How does sample type affect test performance?

SNAP-type tests are validated for whole blood, plasma, or serum [1]. Whole blood can cause higher background due to cellular debris. Reference laboratory ELISAs almost exclusively use serum or plasma, which reduces matrix interference [2].

What is the role of proviral PCR in the context of these serological tests?

Proviral PCR detects integrated FeLV or FIV DNA in host cells and can identify infected cats that are antigen- or antibody-negative, especially in regressive FeLV infection or early FIV seroconversion [1]. It is often used as a confirmatory test after discrepant serology results [2].

References

[1] Greene CE. Infectious Diseases of the Dog and Cat. 4th ed. Elsevier; 2012.

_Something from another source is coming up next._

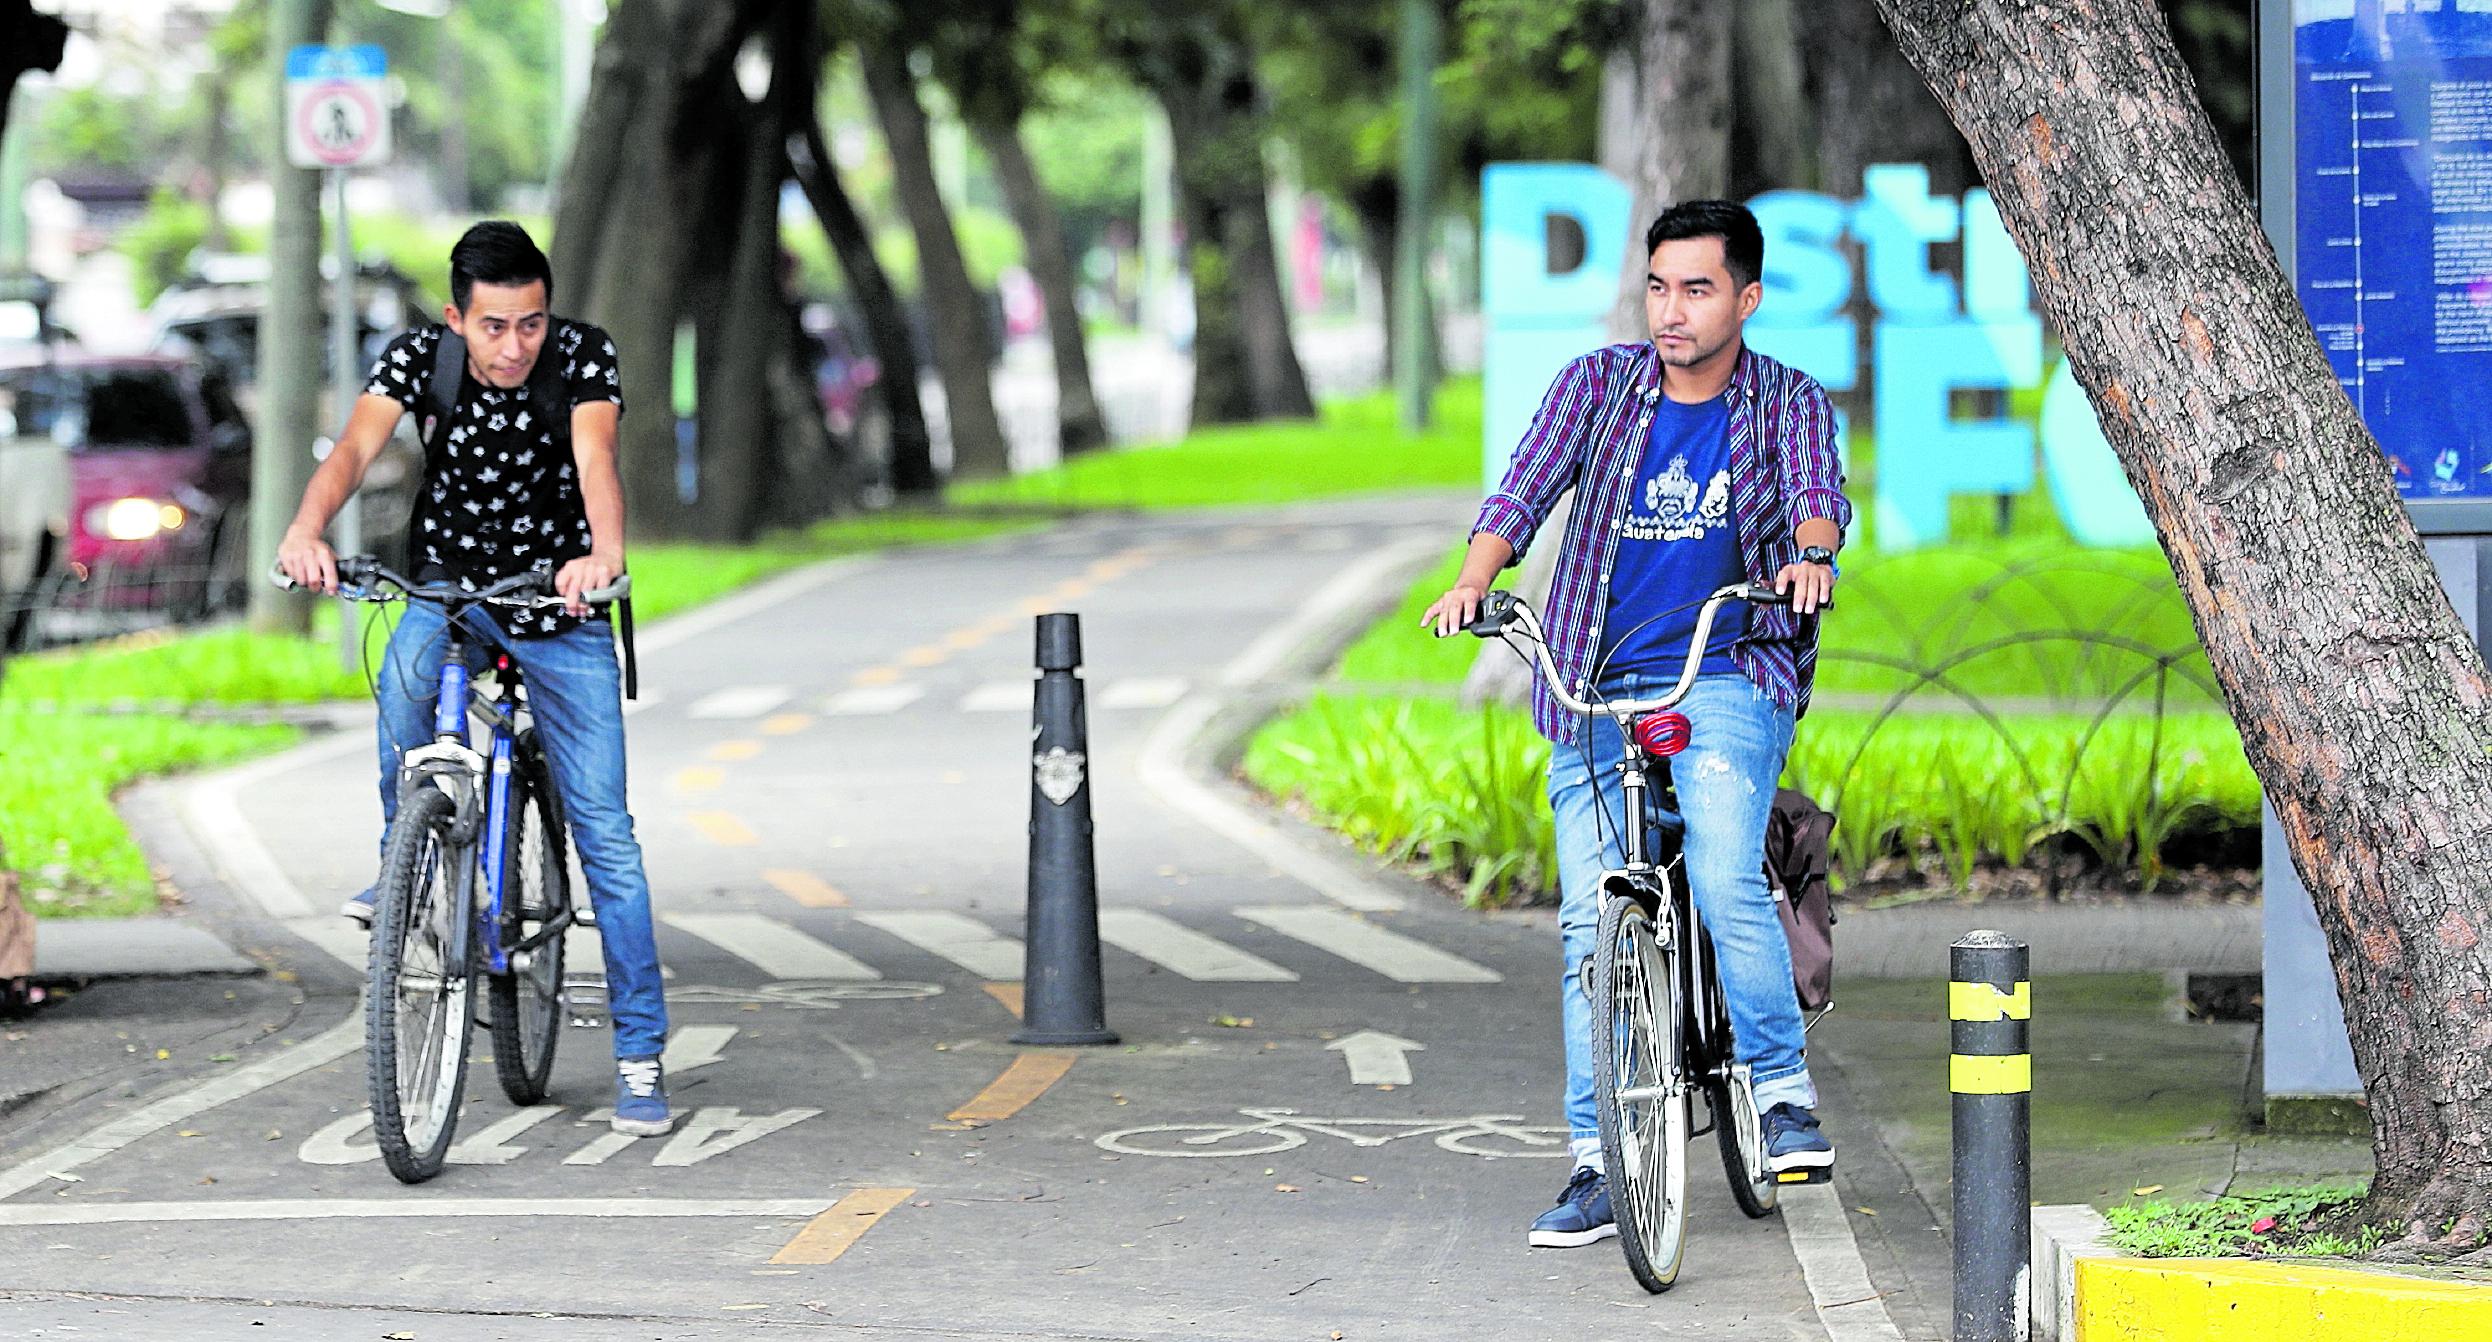 Ciclovía en la avenida  Reforma donde personas pueden pasear  sin ninguna riesgo ya que es exclusivo para viajar en bicicleta.  Fotografía Erick Avila                   20/10/2018

[2] Lutz H, Addie D, Belák S, et al. Feline leukaemia virus. ABCD guidelines on prevention and management. Journal of Feline Medicine and Surgery. 2009;11(7):565-574. *** Disclaimer: This article is for educational and informational purposes only. It is not intended to substitute for professional veterinary advice, diagnosis, treatment, or regulatory guidance. Always consult a licensed veterinarian or qualified specialist regarding animal health, disease diagnosis, and therapeutic decisions.